Thalidomide Versus Argon Plasma Coagulation in Gastric Antral Vascular Ectasia(GAVE)-Related Anaemia in Cirrhosis (TAG Trial)

Overview

Gastric Antral Vascular Ectasia (GAVE) is an erosive form of gastritis distinguished by veno-capillary ectasia, which manifests as tortuous columns of dilated vessels. Histologically, these vessels show dilated mucosal capillaries filled with fibrin thrombi, accompanied by fibromuscular hyperplasia and spindle cell proliferation of the lamina propria. GAVE is prevalent in about 12% of patients with cirrhosis, with 60-70% of these patients becoming transfusion-dependent due to severe anaemia caused by GAVE related bleeding. The most commonly used treatment for GAVE is endoscopic therapy using Argon Plasma Coagulation (APC), which, while effective, often requires multiple sessions due to a high recurrence rate of 30-60%. These frequent interventions increase the burden on patients and healthcare systems. As a result, alternative treatments have been sought. Thalidomide, known for its potent antiangiogenic properties, significantly lowers vascular endothelial growth factor (VEGF) levels, offering a promising non-invasive treatment option. Early studies, such as those by García-Pagán have demonstrated thalidomide's effectiveness in reducing transfusion requirements and managing bleeding in cirrhotic patients with GAVE, yet its comprehensive efficacy and safety profile remains under-studied. This project aims to rigorously evaluate the efficacy and safety of thalidomide compared to APC in managing GAVE-related anemia in cirrhotic patients. Through a controlled trial, this study will provide vital data to potentially shift treatment paradigms, enhance patient quality of life, and reduce the need for repetitive invasive procedures.

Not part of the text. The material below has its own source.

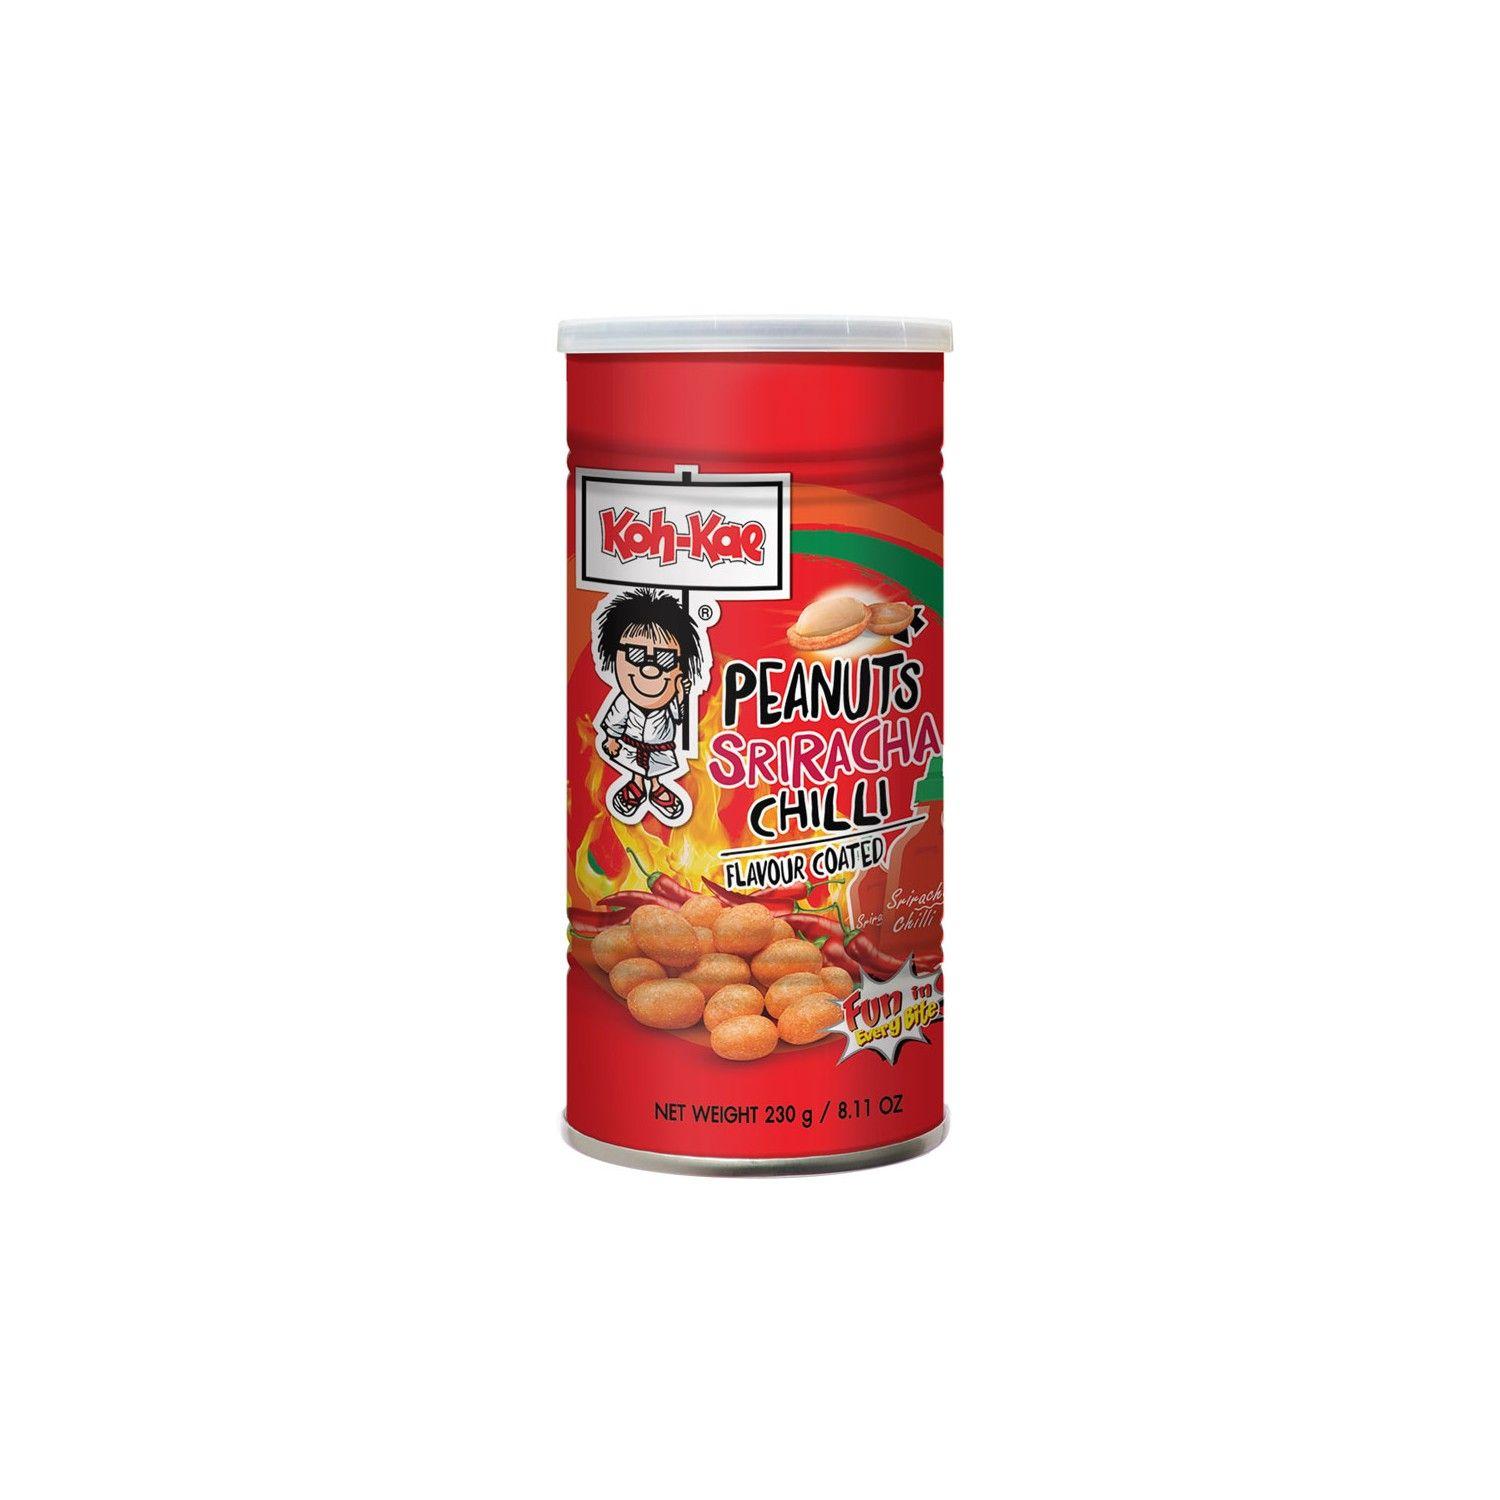 Koh-Kae Logo - Koh-Kae Snacks (大哥 椰漿味花生豆) Peanuts - Coconut Cream Flavour Coated Snack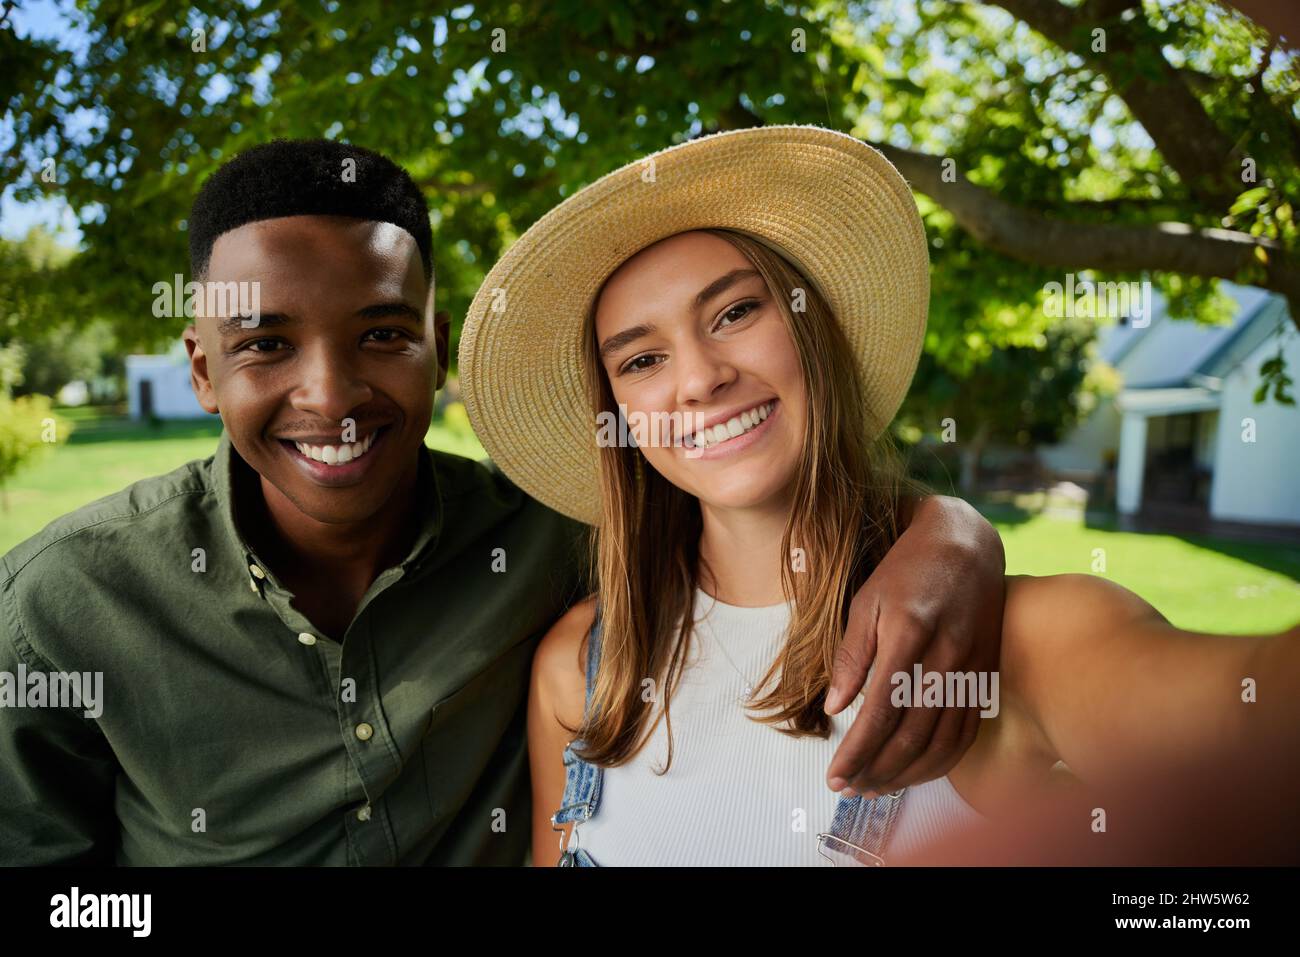 Männliche und weibliche Landwirte mit gemischter Rasse, die im Freien stehen und Selfie mit einem Mobilfunkgerät machen Stockfoto

Aim: To evaluate and compare the efficacy and safety of thalidomide with argon plasma coagulation (APC) in managing gastric antral vascular ectasia (GAVE)-related anaemia in patients with cirrhosis. Hypothesis: Thalidomide, due to its antiangiogenic effects, will more effectively reduce GAVE-related bleeding, improve haemoglobin levels, and decrease transfusion dependency compared to APC in patients with cirrhosis and GAVE-related anaemia. Study Design: Single-centre, open-label, randomised controlled trial to compare the efficacy and safety of thalidomide versus argon plasma coagulation (APC) in managing GAVE-related anaemia in cirrhotic patients. Study Population: Adult patients (aged 18-65 years) diagnosed with cirrhosis and endoscopically confirmed GAVE-related anaemia, presenting at the Institute of Liver and Biliary Sciences. Randomization: Patients will be randomly assigned to receive either thalidomide or APC in a 1:1 ratio by block randomization method with block size of 10 and it will be implemented by using ILBS IWRS facility. Follow-up and Assessments: * Patients will be followed every two weeks for the first month, then monthly up to six months. Assessments will include haemoglobin levels, the number of transfused blood units, the frequency of bleeding episodes, hospitalizations, and the number of required endoscopic sessions. * Adverse effects will be monitored and recorded at each visit.